As at 3.13pm, media were happily reporting that the foreign diplomat who fled the country after invoking diplomatic immunity is Mohammed Ismail of Malaysia. Prior to then, the name and country of origin of Mr Ismail was the result of a suppression order, which was producing farcical scenes as the media attempted to dig to discover the diplomat’s identity.

Several days ago, Laura McQuillan tweeted that the Ministry of Justice were charging media $30 for a copy of the suppression order, but was refusing to tell them the case number to put on the application. Felix Marwick noted that there was no typed suppression order at all, just a notation on the file (which is presumably all the Ministry would tell him). No one seemed to know whether the suppression was an interim order granted at the diplomat’s first appearance that had yet to lapse, or whether a judge had granted a later suppression order granted by a Judge. Radio NZ then reported on Checkpoint yesterday evening that the order had in fact been granted by a judge, although quite where that information came from was a mystery. Suspicion was falling on Malaysia as the diplomat’s country of origin, given the area where the arrest took place is where the Malaysian High Commission is based.

However, reporters were being extremely circumspect about what was reported or tweeted, for fear of breaching a suppression order they weren’t even allowed to view. As Laura McQuillan tweeted:

“[T]hey could tell us what information is suppressed. We have no idea what we can’t report!”

Then along came Labour’s Dunedin South MP, Clare Curran, who provided the following tweet:

Image

Curran’s tweet provided a link to a news story (link here) published by a foreign website, the Rakyat Post, that alleged the diplomat to be Malaysian. To my mind that was a clear breach of s 211(2) of the Criminal Procedure Act 2011, which states that a person commits an offence who publishes any name, address, occupation, or other information in breach of a suppression order. Section 211(6) then notes that for a prosecution of such an offence, it is not necessary for the prosecution to prove that the defendant intended to commit an offence. Essentially, it’s a strict liability offence – publish in breach of a suppression order and guilt automatically follows; it doesn’t matter what your intent was.

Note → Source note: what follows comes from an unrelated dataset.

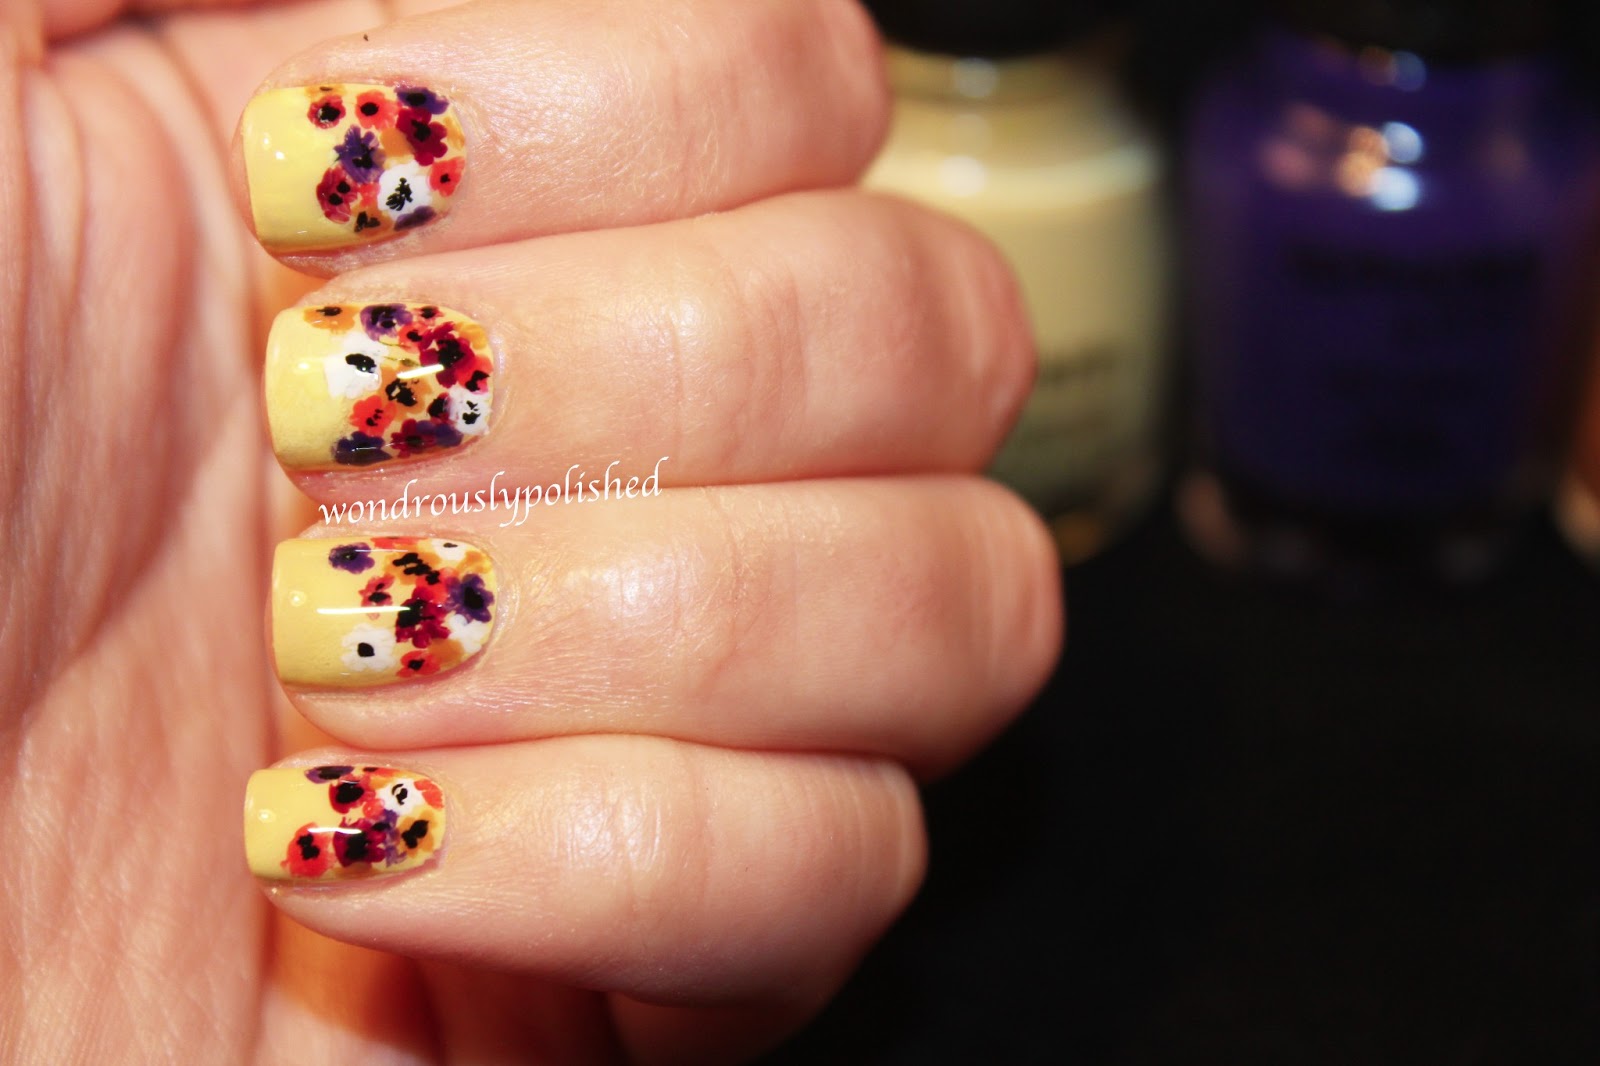 February Nail Art Designs with Flowers - wide 6

Readers will note that the image of Curran’s tweet above has the link to the news story partially obscured. That’s because the image comes from Cameron Slater’s Whaleoil blog, where he gleefully seized upon Ms Curran’s misdemeanour, but didn’t wish to be guilty of the same offence himself. It’s an interesting question though as to whether pointing viewers in the direction of Curran’s Twitter account in search of her offending tweet would still constitute an offence…

Regardless, having procured an urgent High Court hearing, news organisations were undoubtedly thrilled when Justice Collins determined that, with Malaysia’s Foreign Minister expected to make a public statement on the situation at 4pm, “[t]here is a very realistic chance that at 4pm today the whole world will know who he [the diplomat] is”. It would have been beyond farcical for the rest of the world to be happily discussing the name and country of origin of the diplomat, while New Zealanders risked prosecution…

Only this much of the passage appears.